6. Warna netral yaitu hitam dan putih. Warna hitam memberikan kesan kematangan dan
kebijaksanaan. Pada drama tradisional biasa dipakai oleh satria, raja, dan putri yang yang
bijaksana. Misalnya Kresna, Puntadewa, Kunti. Sedangkan warna putih memberikan
kesan muda, memiliki arti simbolis kesucian. Di dalam drama tradisional warna tersebut
dipakai oleh pendeta yang dianggap suci.
Warna-warna tersebut di atas dapat digolongkan menjadi dua bagian sesuai dengan demensi,
intensitas, terutama bila dikaitkan dengan emosi seseorang yang disebut dengan warna panas
dan warna dingin. Warna panas yaitu merah, kuning, dan orange. Warna dingin terdiri atas hijau,
biru, ungu, dan violet.

Dalam pembuatan pakaian tari warna dan motif kain menjadi perhatian dan bahan pertimbangan,
karena berhubungan erat dengan peran, watak, dan karakter para tokohnya. Warna sebagai
lambang dan pengaruhnya terhadap karakter dari tokoh (pemain). Penggunaan warna dalam
sebuah garapan tari dihubungkan dengan fungsinya sebagi simbol, di samping warna mempunyai
efek emosional yang kuat terhadap setiap orang.

Warna biru memberi kesan perasaan tak berdaya (tidak merangsang), terkesan dingin. Warna
hijau memberi kesan dingin. Warna kuning dan orange memberi kesan perasaan riang, menarik
perhatian. Warna merah memberi kesan merangsang, memberi dorongan untuk berpikir
(dinamis). Warna merah Jambu mengandung kekkutan cinta. Warna Ungu memberi kesan
ketenangan.

Demikian juga busana yang digunakan secara visual menunjukkan tokoh tersebut jahat. Tokoh
raksasa pada epos Ramayana misalnya, digambarkan dengan riasan wajah yang merah menyala
dengan bagian mulut penuh taring. Tata busana yang digunakan panjang dan menyeramkan.

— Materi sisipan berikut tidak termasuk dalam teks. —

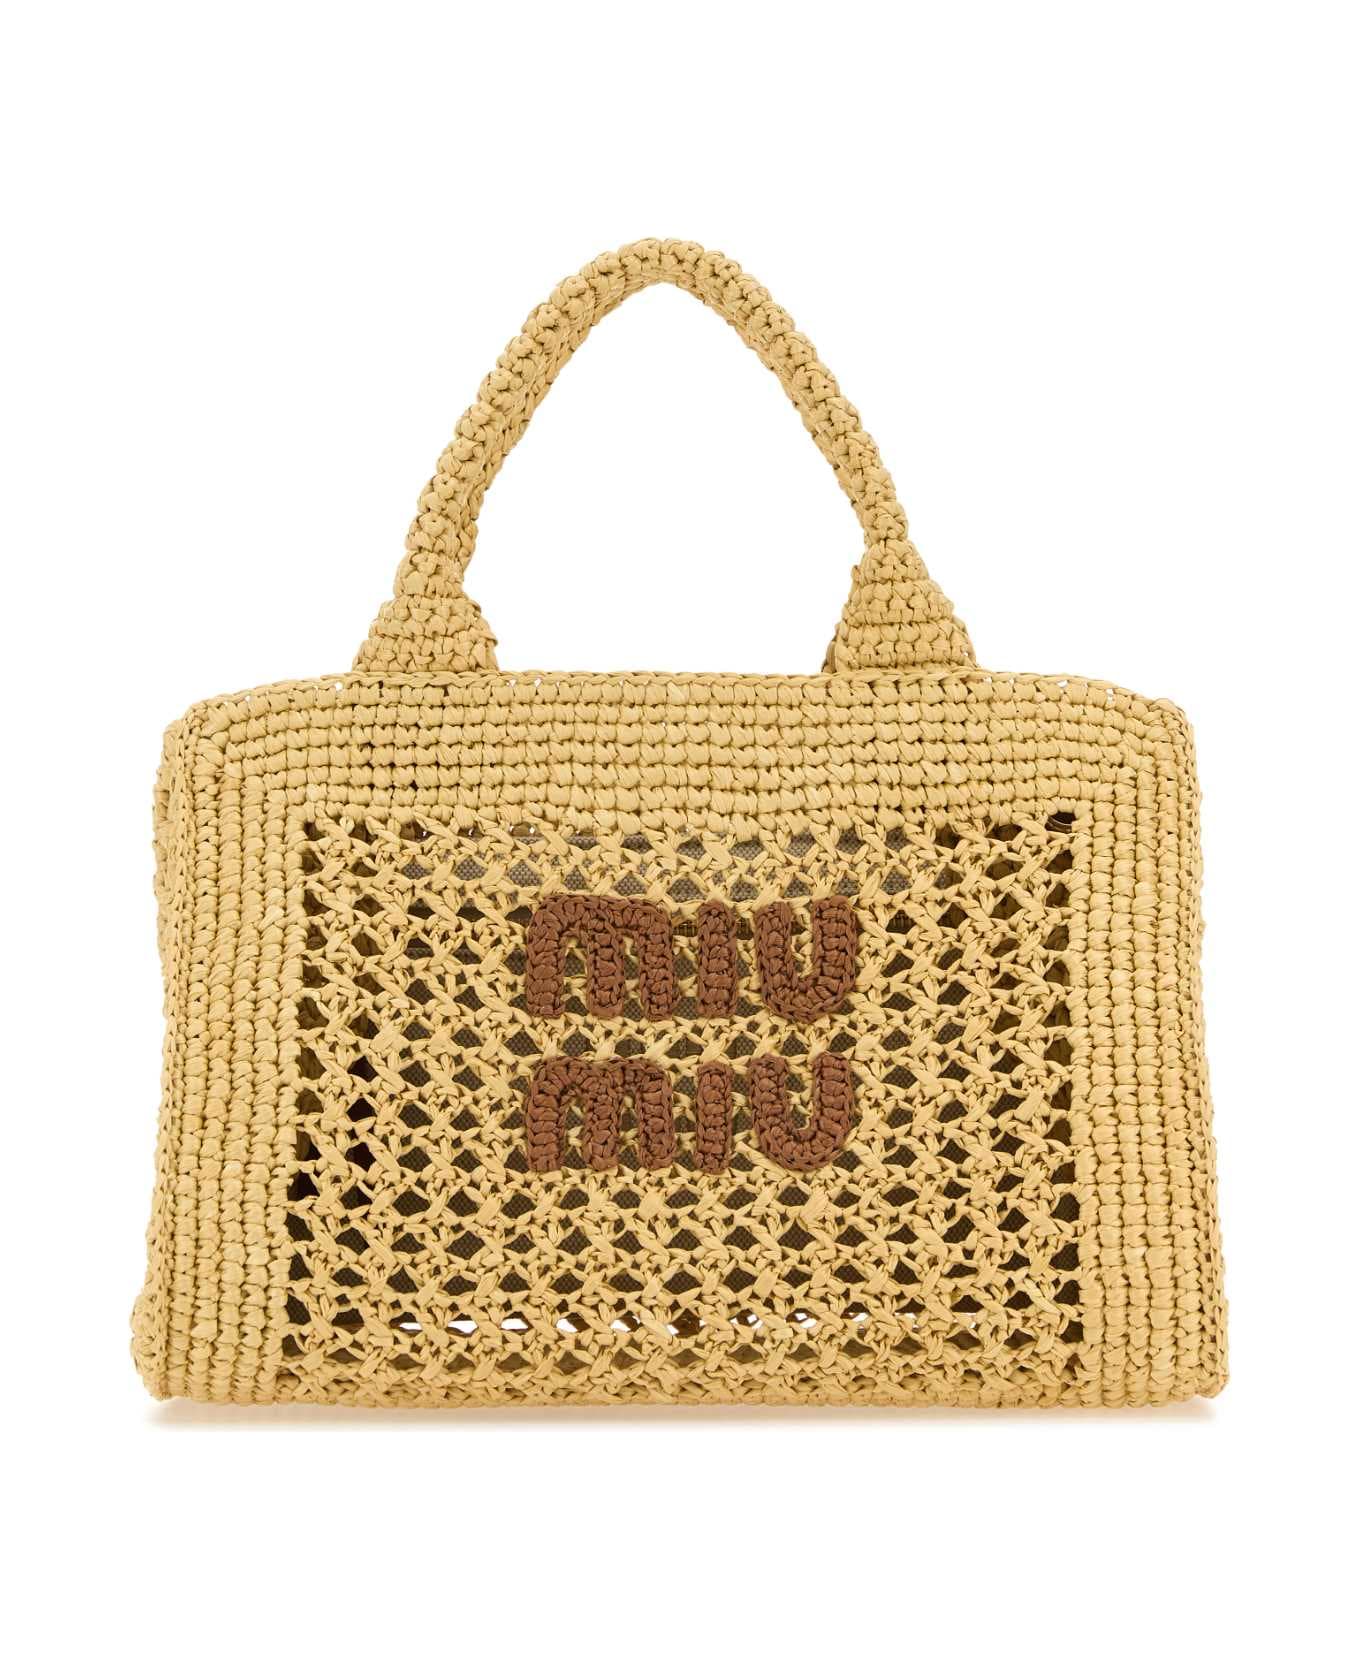 Miu Miu Beige Crochet Handbag - NATURALECOGNAC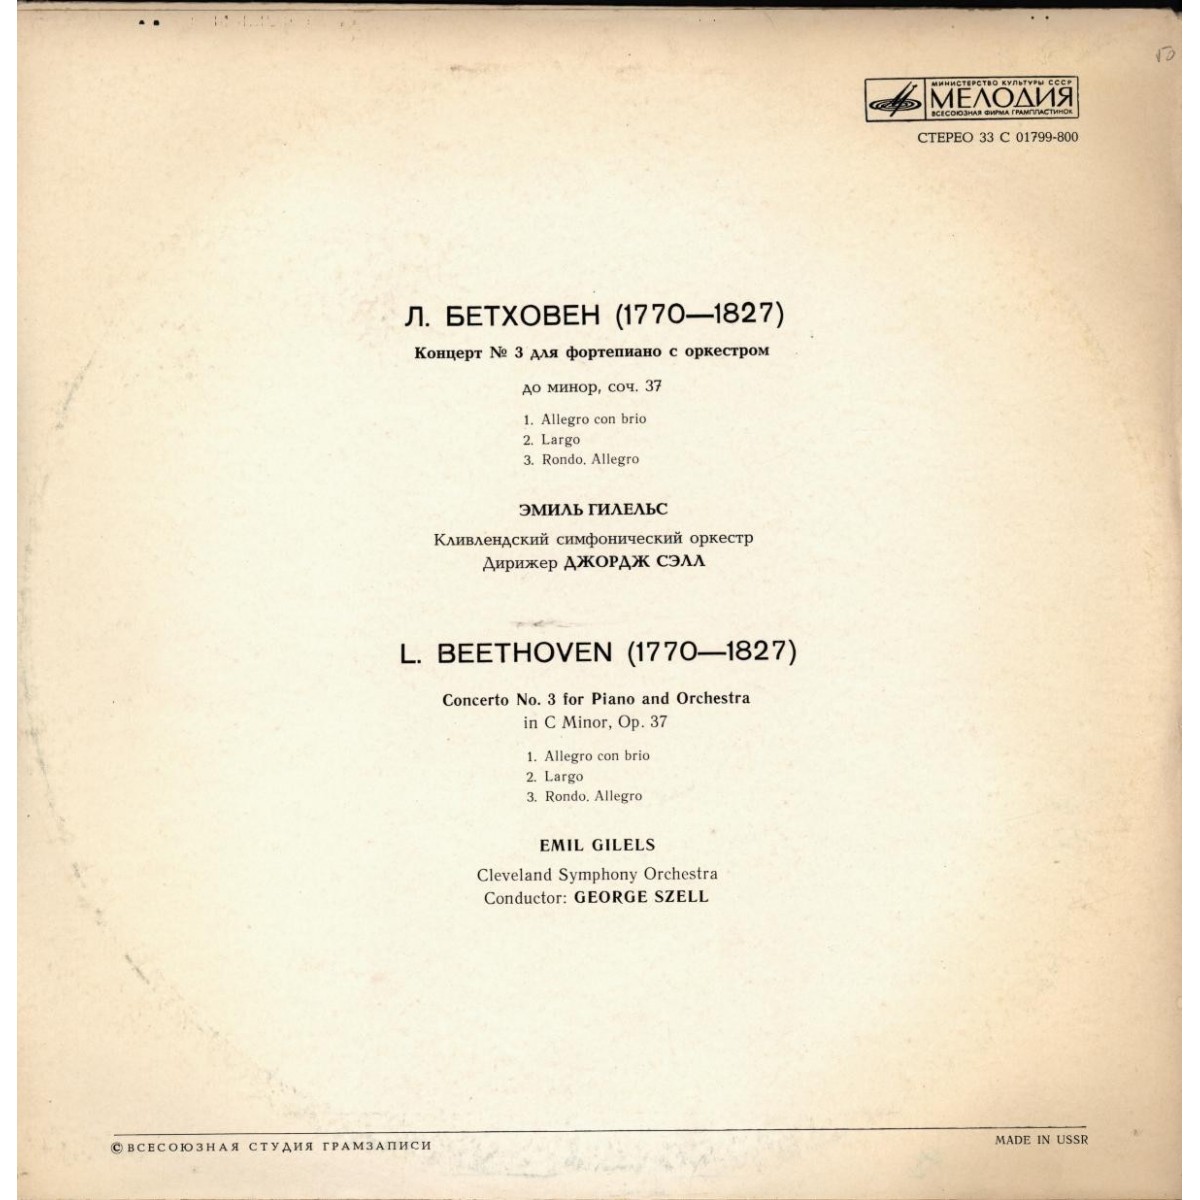 Л. Бетховен: Концерт № 3 для ф-но с оркестром (Э. Гилельс, Кливлендский СО, дир. Дж. Сэлл)

Karakter tokoh baik pada epos Ramayana biasanya menggunakan riasan cantik seperti riasan
pada Pregiwa sebagai istri Gatot Kaca. Tata rias dan

tata busana tampak cantik dan bersahaja. Tata rias dan busana juga dapat menunjukkan tokoh
lucu. Epos Ramayana ditunjukkan pada tata rias dan busana Punakawan yaitu Semar, Petruk,
Bagong, dan Gareng.

Tata rias dan busana pada tari tradisional tidak hanya bersumber pada epos Ramayana tetapi juga
tarian lepas yaitu tarian yang tidak berhubungan dengan cerita Ramayana. Tokoh dan karakter
dapat dijumpai juga pada tari tentang fauna seperti Tari Merak. Tata rias pada tari Merak yang
digunakan memperlihatkan seekor burung Merak yang indah. Tata busana yang digunakan
merupakan perwujudan dengan sayap dan tutup kepala sebagai ciri khas yang menunjukkan
perwujudan burung Merak. Ada juga tata rias dan tata busana tari Kijang dari Jawa Tengah, tari
Burung Enggang dari Kalimantan, tari Cendrawasih dari Bali, tari Kukilo dari Jawa Tengah.